Religious Right activists say they’re fighting to save religious liberty in America from the gay rights movement, but many of the same leaders are happy to partner with the most religiously repressive regimes in order to resist advances toward LGBT equality around the world.
Consider Monday’s “Uniting Nations for a Family Friendly World” event at the United Nations. It was sponsored by anti-gay and anti-choice groups like the Center for Family and Human Rights (C-Fam, formerly known as the Catholic Family and Human Rights Institute) and Family Watch International, which work to keep LGBT-friendly language out of international documents and agreements. Their cosponsors included the 25 countries that make up the Group of Friends of the Family (GoFF), a coalition of UN member states created last year to “reaffirm that the family is the natural and fundamental group unit of society and is entitled to protection by society and the State.”

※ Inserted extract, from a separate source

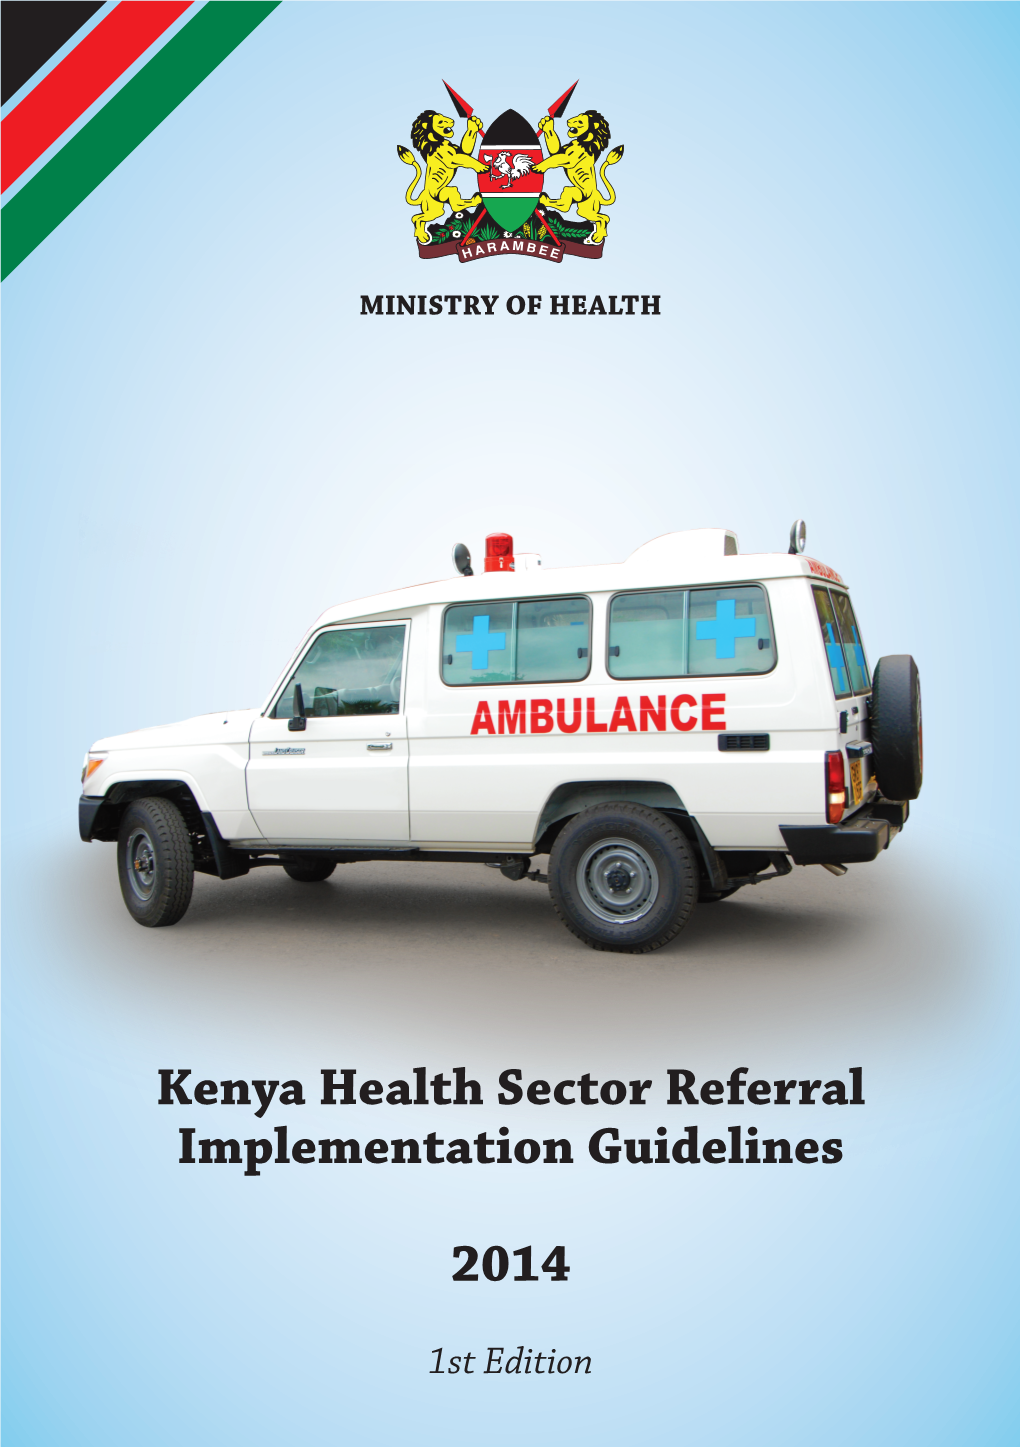 Kenya Health Sector Referral Implementation Guidelines 2014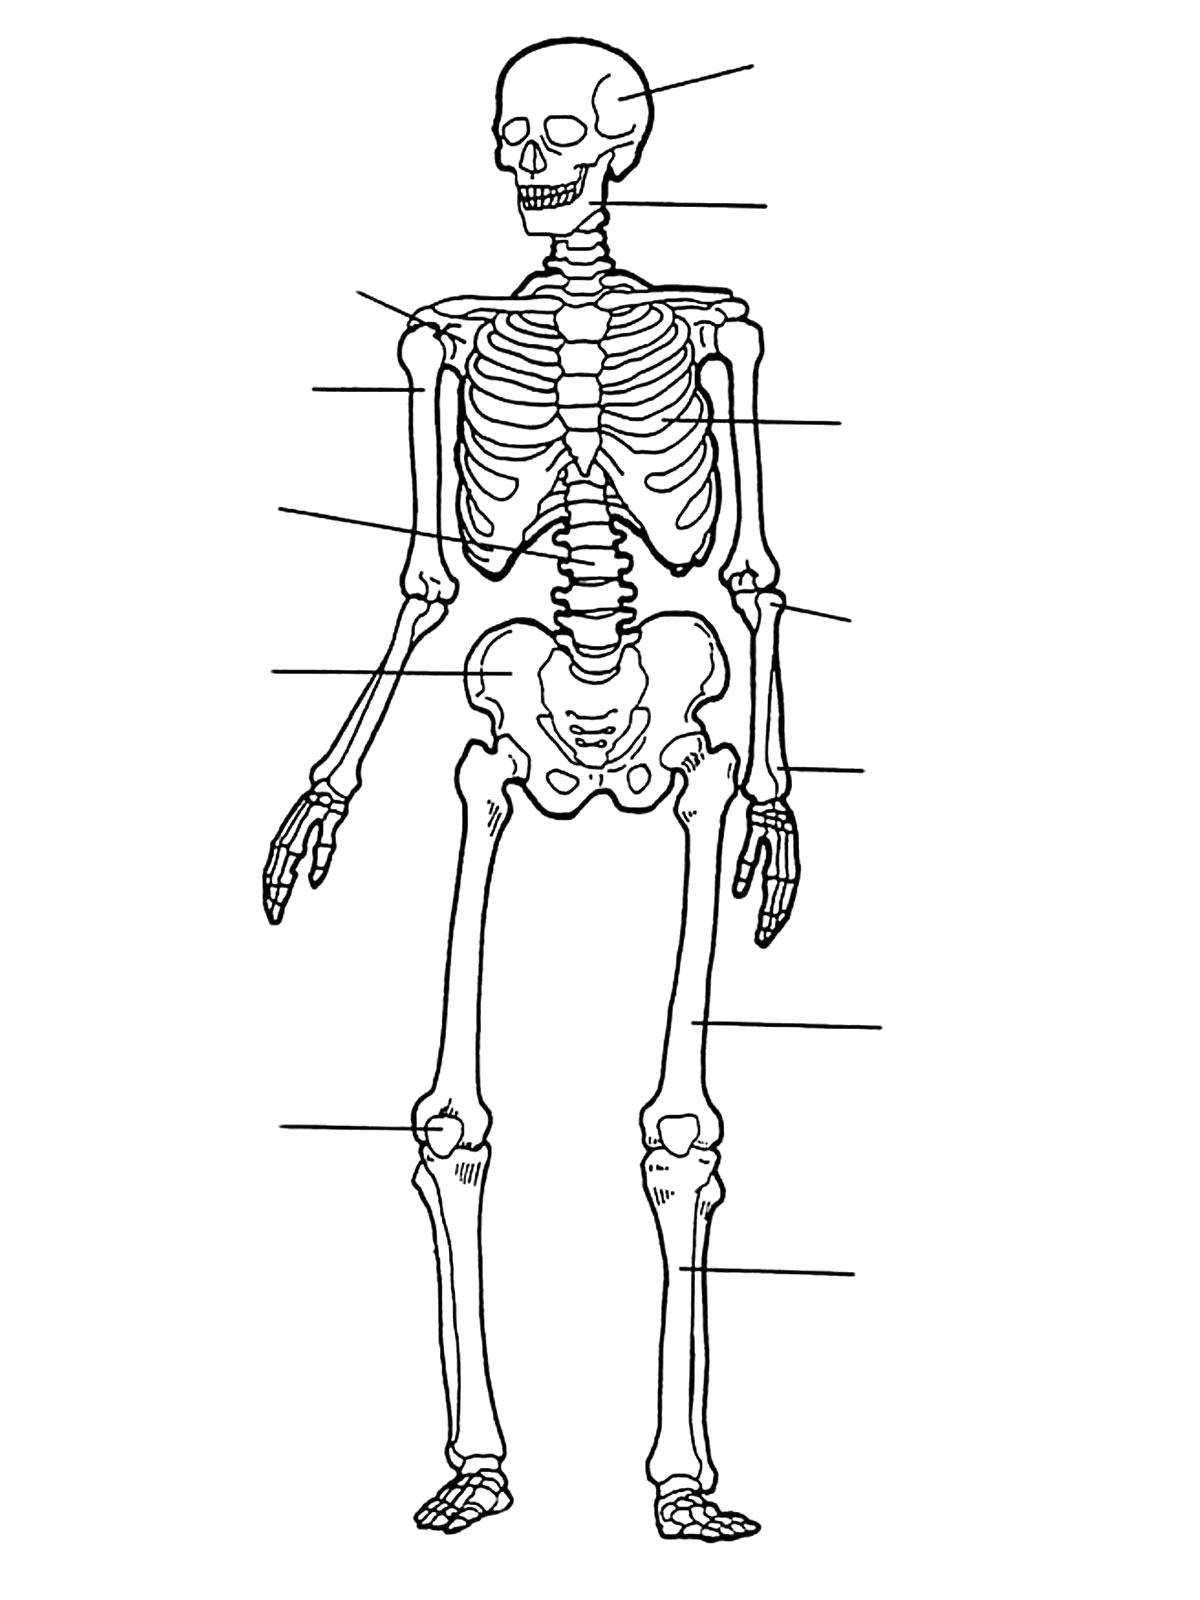 Скелет человека раскраска

Among the freedom-loving members of GoFF whose representatives spoke at Monday’s “high-level event” was Iran, which the U.S. Commission for International Religious Freedom has just accused of seeking to “eradicate” the country’s Baha’is.
In fact, there’s a lot of overlap between GoFF members and countries identified by the Commission, currently chaired* by social conservative strategist Robert George, as the worst in the world for religious freedom: Saudi Arabia, Sudan, Russia, Turkmenistan, Tajikistan, Malaysia, Egypt, and Iraq. Also included in GoFF are countries where anti-LGBT religious and political leaders have been generating hostility and threatening the lives and freedoms of LGBT people, including Nigeria, Uganda, Indonesia, and Kyrgyzstan.